The market capitalization dropped from PkR7,290bn to PkR7,232bn. The average daily turnover clocked in at 287mn ((Down)26.9%WoW) Other notable news from the week were (1) CCoE’s approval of upgradation for local refineries (2) Transfer of 15 companies to MSCI FM index from the small cap index, and 41 other companies were added to the small cap MSCI Index (3) Emergence of NBP, BoP and U bank as the top agri-microfinance creditors (4) Penetration of local rice traders into the global rice trade nexus as a result of imposed restrictions on Indian traders (5) Dissolution of the national assembly and anticipation of the caretaker govt.

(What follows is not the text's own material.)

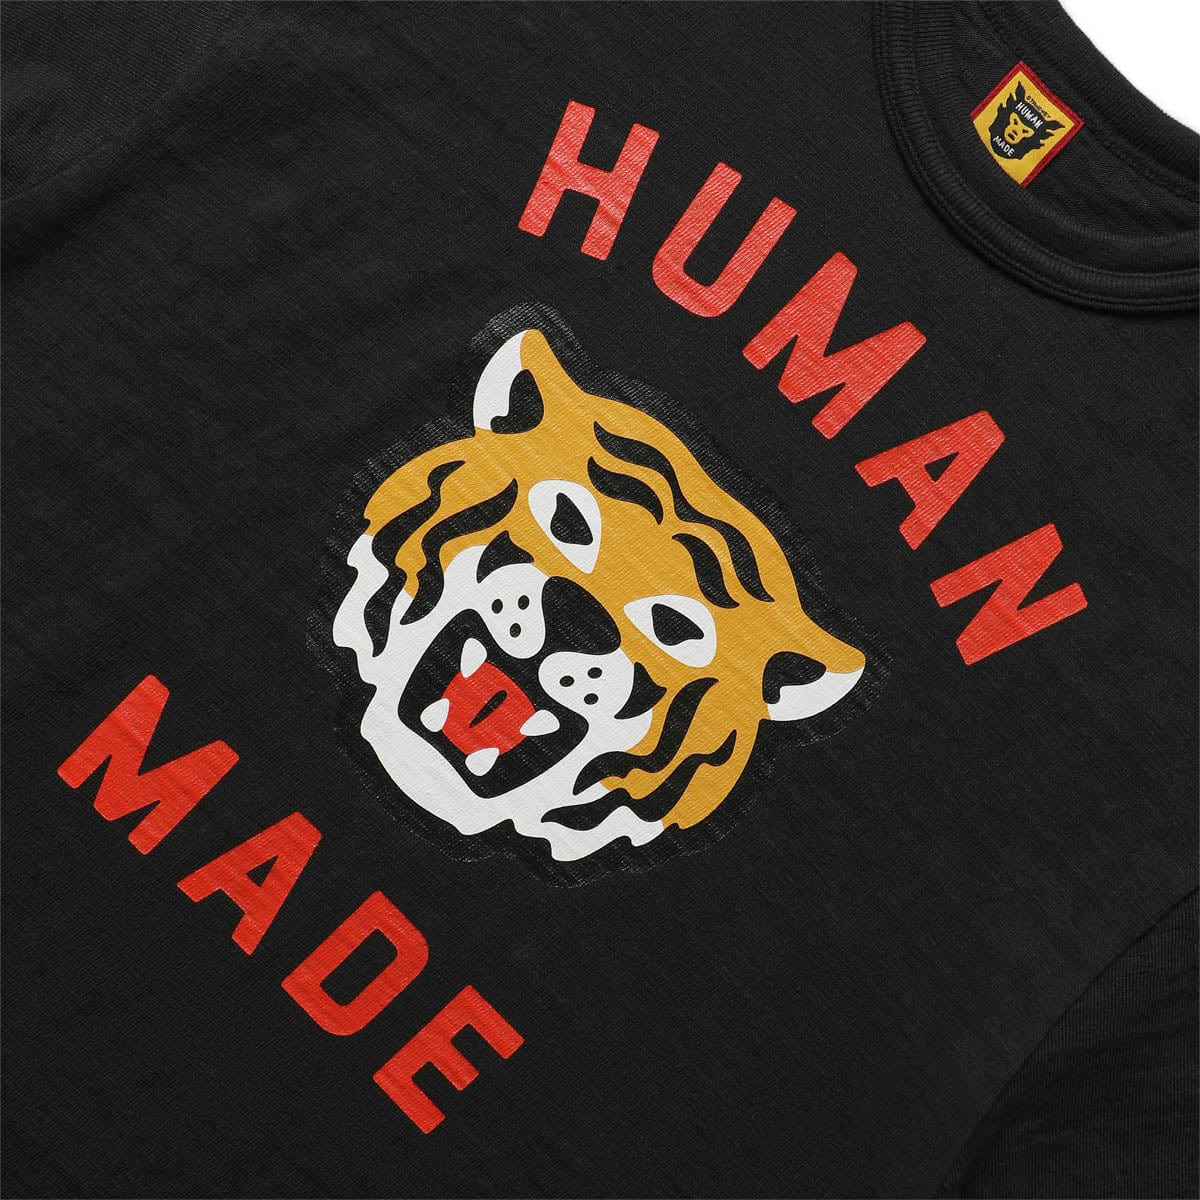 Human Made Graphic T-Shirt

Sector-wise, REFINERY declined by 11%, while INV. BANKS / INV. COS. / SECURITIES COS. gained 8.3%. Company wise top performers: DAWH ((Up)19.9%WoW), AICL ((Up)8.4%WoW), FABL ((Up)5.7%WoW), UBL ((Up)4.8%WoW), NATF ((Up)4.8%WoW). Laggards included PSMC ((Down)9.9%WoW), HCAR ((Down)10.3%WoW), CNERGY ((Down)11.6%WoW), SML ((Down)12.5%WoW), SEARL ((Down)13.0%WoW), and NRL ((Down)16.0%WoW). Flow-wise, major net selling was recorded by BANKS/DFIs with a net sell of US$6.9mn. On the other hand, Insurance Companies absorbed all of the selling with a net buy of US$6.4mn.
Outlook
The market is expected to portray positivity, while the new caretaker govt. and the relation it fosters with IMF prove to be the turnkey for market stability. After a significant upside, market still remain cheap at the forward p/e of 3.1x. Additionally, the influx of investments by UAE and Saudi bolster and affirm stability. Market participants are advised to implement a cautious approach when investing while focusing on dollar denominated revenue stream companies like E and Ps and Technology to hedge against currency risk or in companies with healthy dividend yields.